I ran into a lady I had once taken a writing class with. Before even a hello, she asked me what I thought of the shades of grey poo, need I say more. I did add that I am jealous, perhaps a step above jealous. The kind of jealous that looks down on jealous, with its nose up high. A horrible color on me but there I was completely cloaked in it wearing it without shame. In her case, it would not have killed her to have someone edit the sex book before filling her money room. I am pretty sure her money room is bigger than Scrooge McDuck’s. While she swims around deep in her coins in her money room as all rich folk do, a school of writers who clearly missed this class, lie awake choking on her inability to use the language correctly as well as her repetition and and and and.
I read through another writers work and it just doesn’t sit well with me. Perhaps it just doesn’t resonate. At this point I realize that he is brave. He strips off his clothes everyday to show the world more than most and invites a criticism that only creative’s attract.

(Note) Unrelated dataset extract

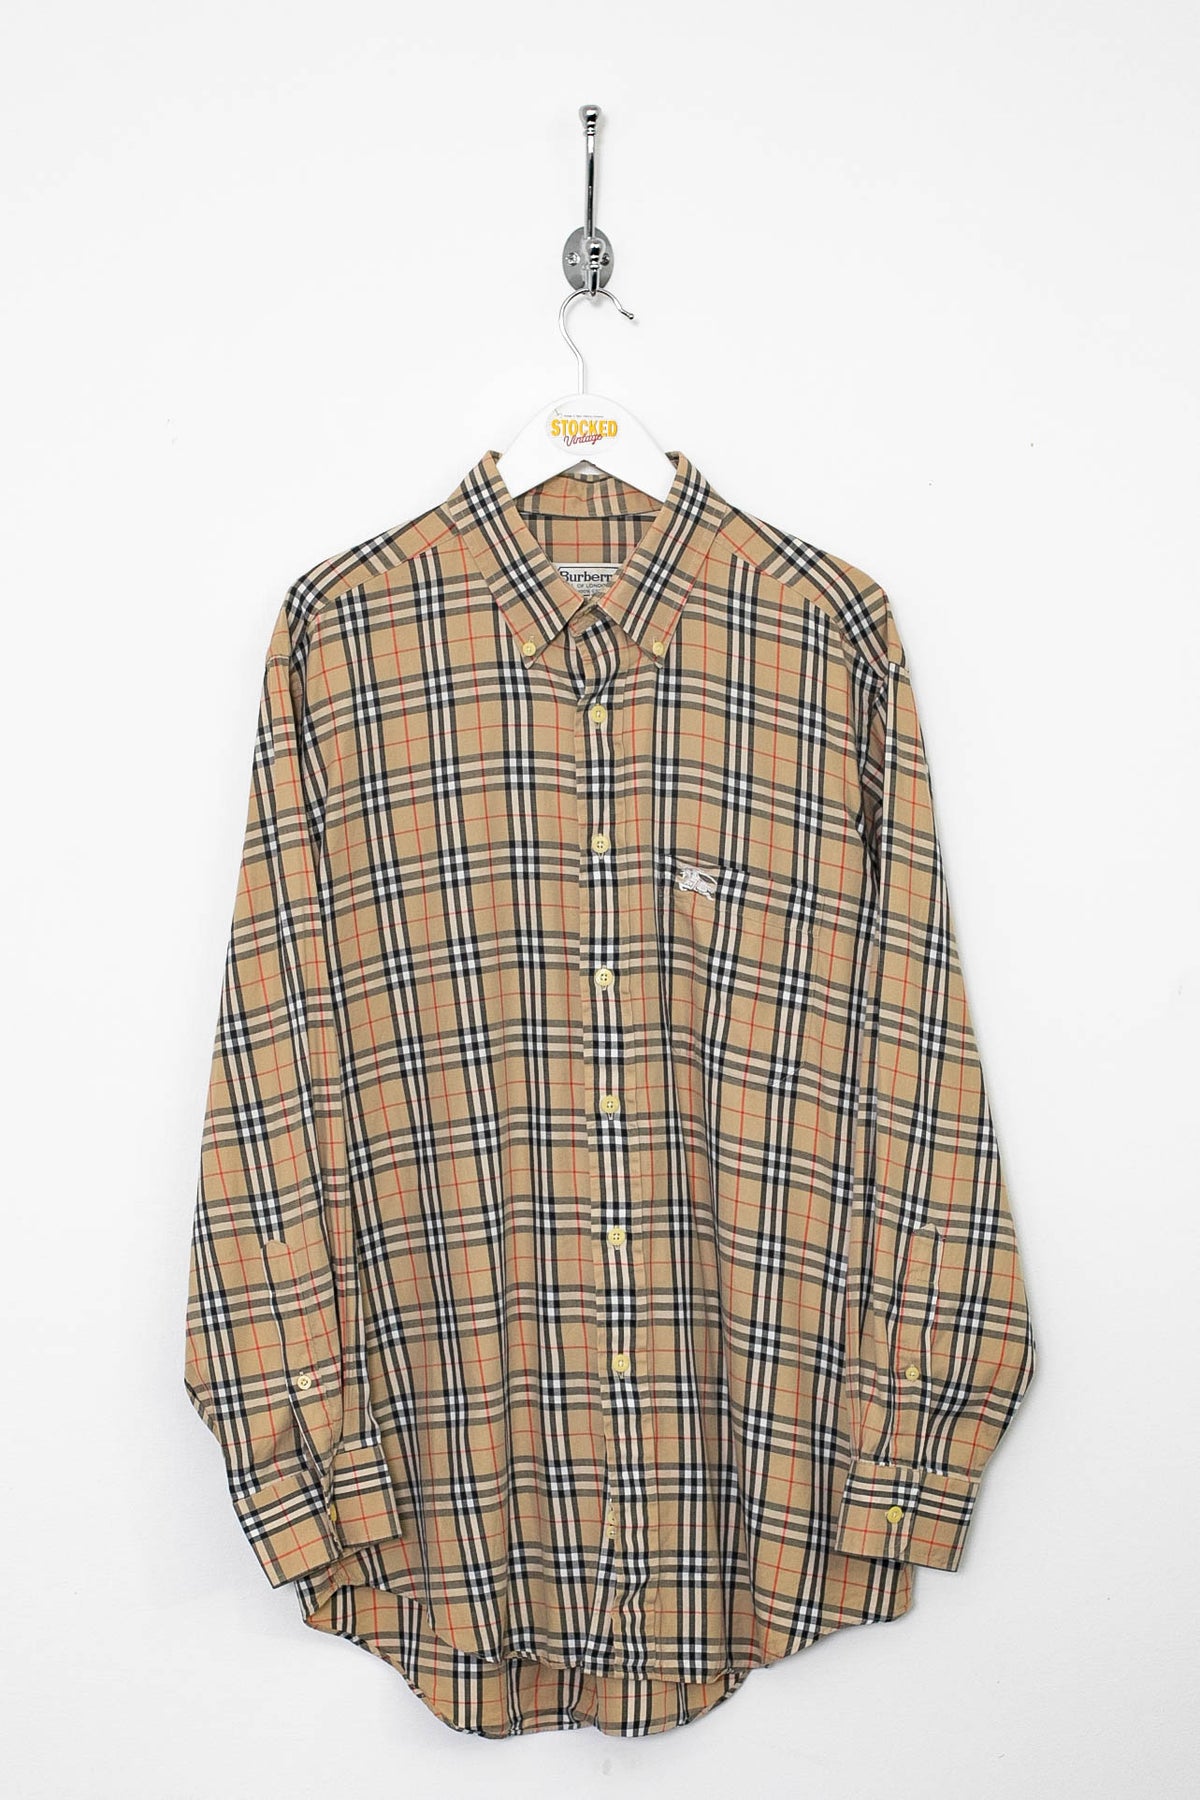 90s Burberry Nova Check Shirt (L)

Tell me my math is off I will open a book. Tell me that which I awaken everyday to do and the only thing that brings me happiness is terrible, well then you might as well rip from my body my beating heart and eat it. Not that constructive criticism isn’t welcomed. We are all learning and growing, this is important. Also lets not forget our tastes differ and I am okay with that. I am not the kid on the playground who is going to try make best friends with all the others kids. But respect the fragility of the creative soul, give it air to breath. Every person who wakes up everyday to create in my books is brave as hell.